63. I asked the applicant if there was anything else that he wanted to tell me about what might happen if he returns to Malaysia. He responded by saying that it would be hard to find a good paying job or to earn good money. He said that he is comfortable in Australia now.
At paragraphs [65] to [71], the Tribunal went on to consider whether the applicant had a well-founded fear of persecution. Relevantly the Tribunal said:
67.I also make the following findings based on the applicant’s evidence.
(a)The debt collectors specifically sought to ascertain the applicant’s whereabouts in October or November 2016, and again in 2017 and 2019. But there have been no other occasions on which the applicant’s family has been approached by the debt collectors since the applicant arrived in Australia in late July 2016.
(b)Although the applicant’s family’s neighbour’s house was set on fire by a loan shark in November 2023, that incident was entirely unrelated to the applicant and Uncle K’s loan.
(c)As such, there has been a minimum period of 5 years during which the debt collectors have not approached or engaged in any harassment or intimidatory conduct at all towards the applicant in Australia or his family in Malaysia.
(d) The loan agreement involving Uncle K was made for a 5-year period (until mid-2020). Uncle K died in 2021. It is unknown whether the loan repayments were completed.

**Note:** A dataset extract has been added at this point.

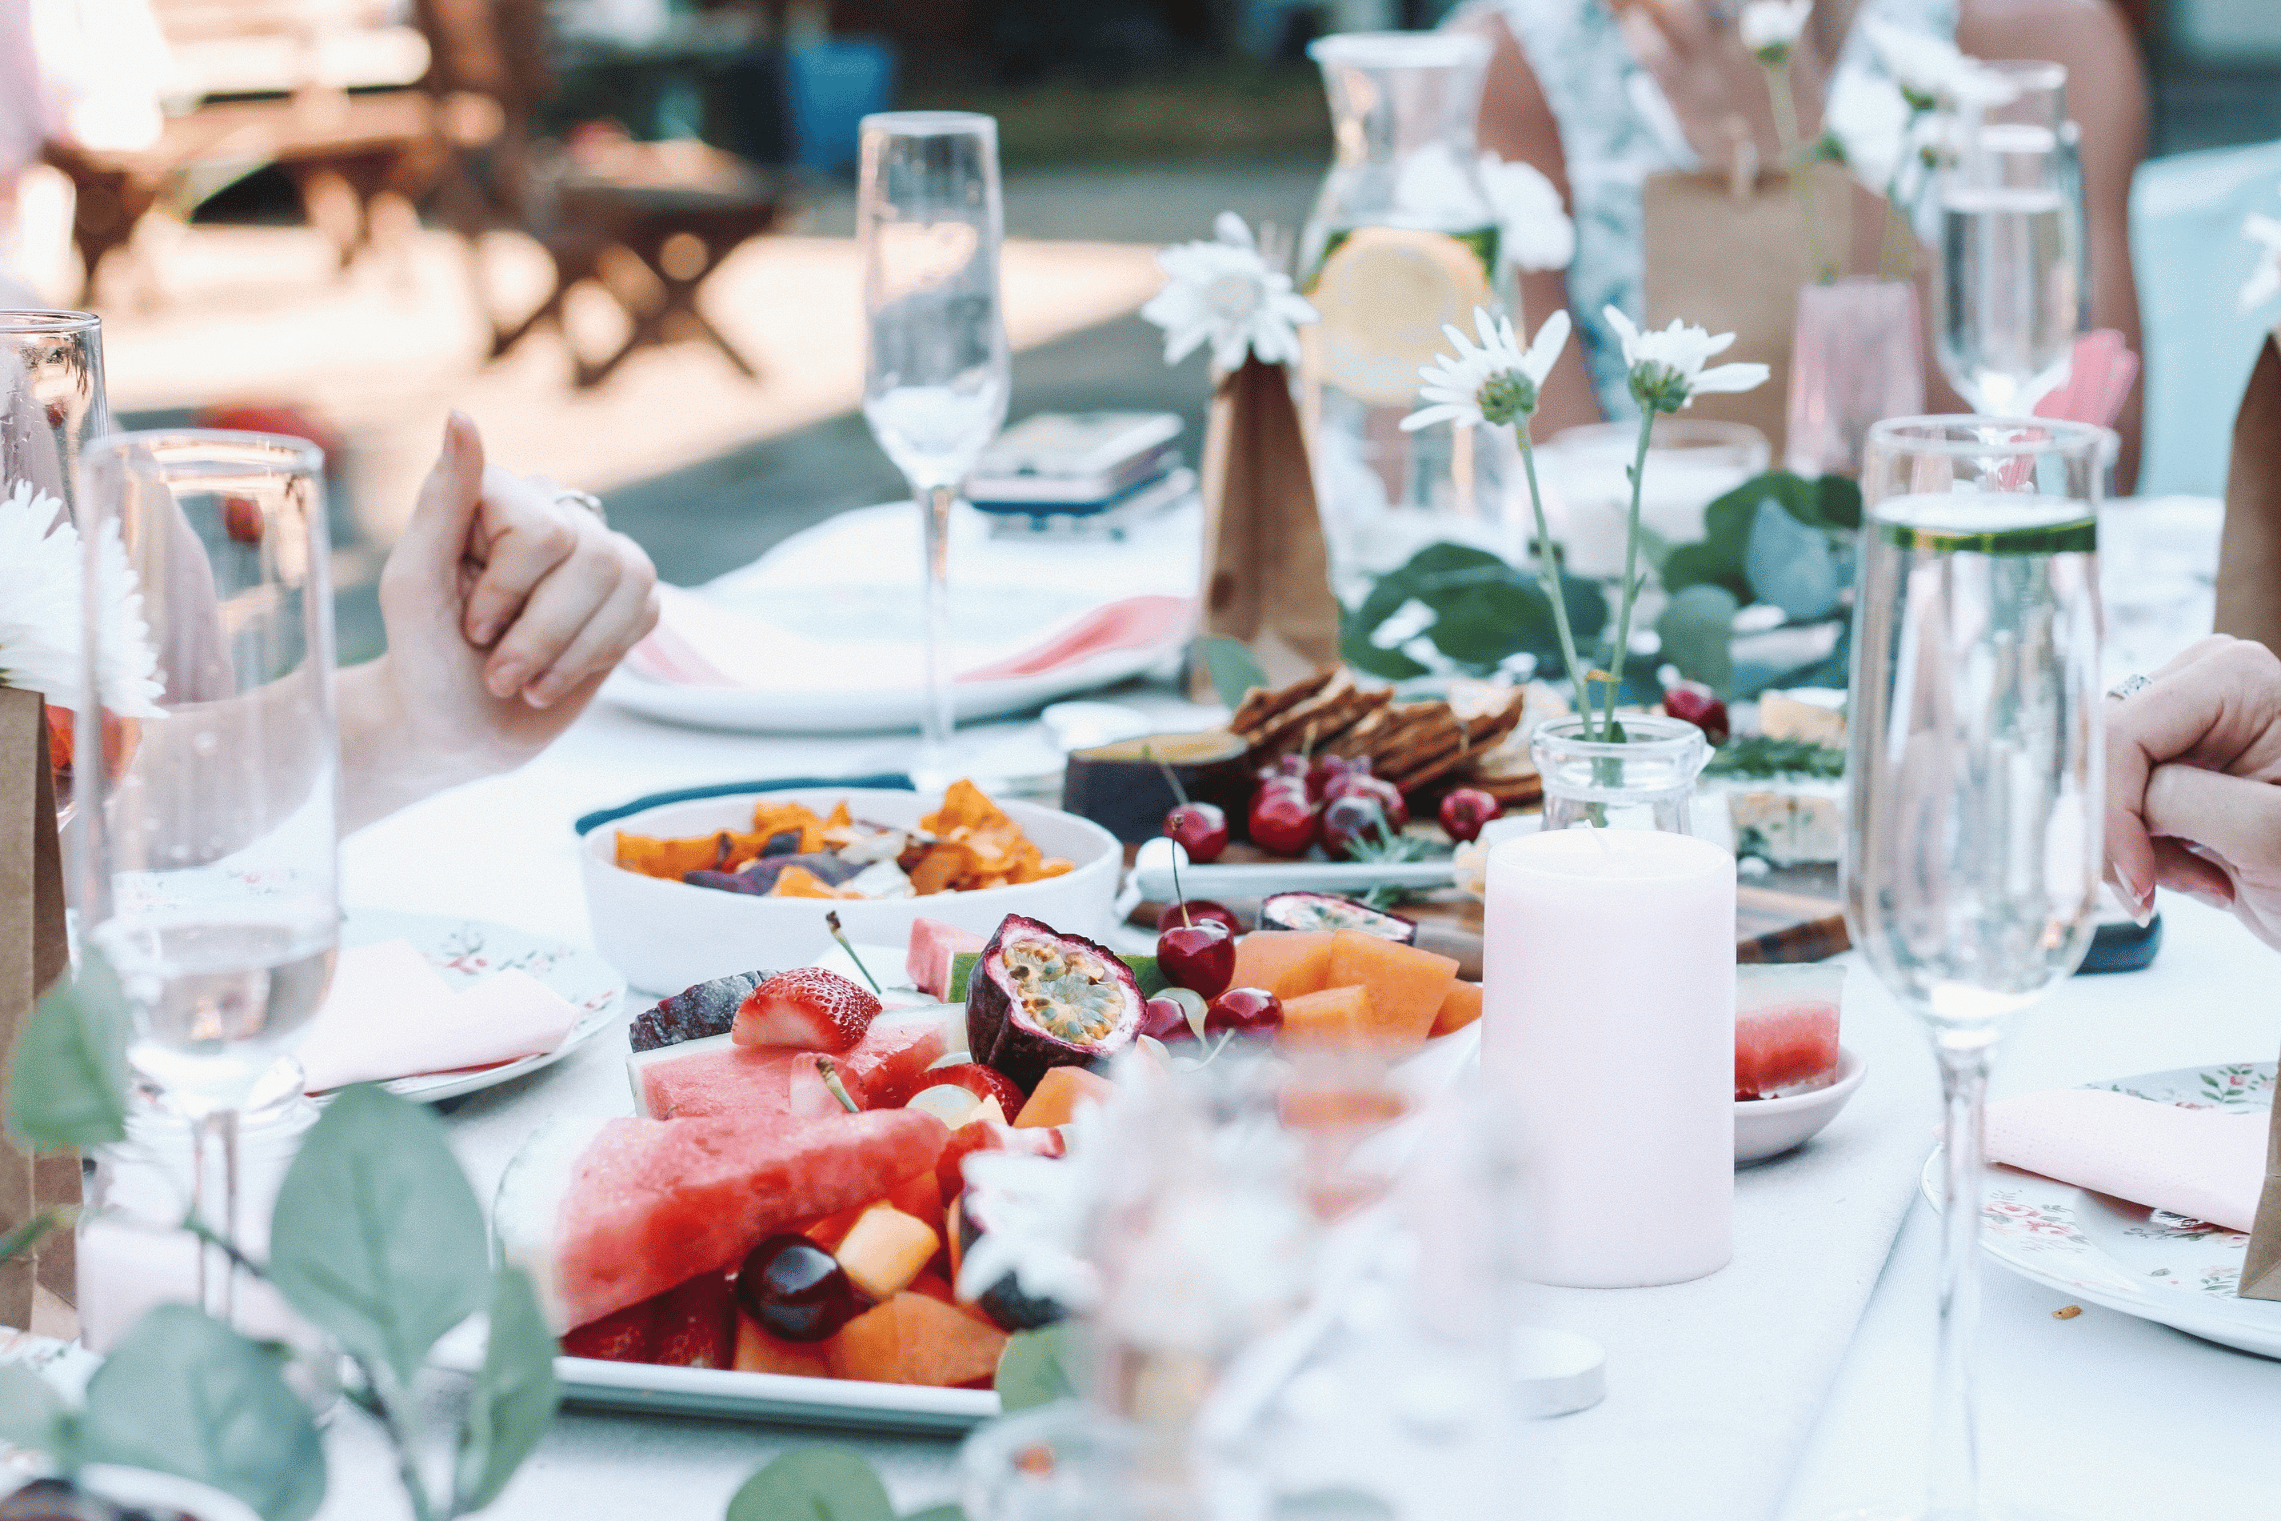 an image of a decorated dinner table outside

68. I determine the cumulative effect of the above findings is that the loan shark is no longer pursuing Uncle K’s debt. I consider if the loan shark was still seeking repayments via the applicant, then additional approaches by them to the applicant’s family in Malaysia would have occurred since 2018, either in the form of harassment or enquiries about the applicant’s location. I also consider the passage of time since the loan was taken out by Uncle K, and his subsequent death, have diminished the loan shark’s interest in the debt, assuming the debt in fact still existed when Uncle K passed away. These various matters comprise changed circumstances. Consequently, I find that the loan shark will not seek to harass, threaten, or harm the applicant in the reasonably foreseeable future should he return to Malaysia, despite what happened in the past.
69. To be clear, contrary to the applicant’s oral evidence at the hearing, I do not accept that the loan shark or their associates will try to locate the applicant, hit him, or harass him again in Malaysia.
The Tribunal therefore concluded that it was not satisfied that there was an ‘objective, real chance that the applicant would suffer any form of serious harm if he returns to Malaysia’ and therefore the applicant did not satisfy the criteria under s 36(2)(a) of the Act.[25]
[25] Tribunal decision record dated 1 February 2024 at paragraph [70].
The Tribunal then considered whether the applicant was owed complementary protection under Australian law and concluded that on the basis of its earlier findings, the applicant did not face a real risk of significant harm as a necessary and foreseeable consequence of being removed from Australia to Malaysia. The Tribunal therefore concluded that the applicant did not meet the criteria in s 36(2)(aa) of the Act.[26]
[26] Tribunal decision record dated 1 February 2024 at paragraphs [75].
For each of these reasons, the Tribunal affirmed the delegate’s decision to not grant the visa.[27]
[27] Tribunal decision record dated 1 February 2024 at paragraphs [79] to [80].
PROCEEDINGS IN THIS COURT
On 19 February 2024, the applicant filed an application for judicial review of the Tribunal’s decision in this court, along with an affidavit in support.[28]
[28] Court book at pages 1 to 12.
On 11 September 2024, the applicant was granted leave to file an amended initiating application and outline of submissions.[29] By these orders, the first respondent was also granted leave to file further written submissions responding to the amended application.
[29] Orders of Judge Kendall dated 11 September 2024.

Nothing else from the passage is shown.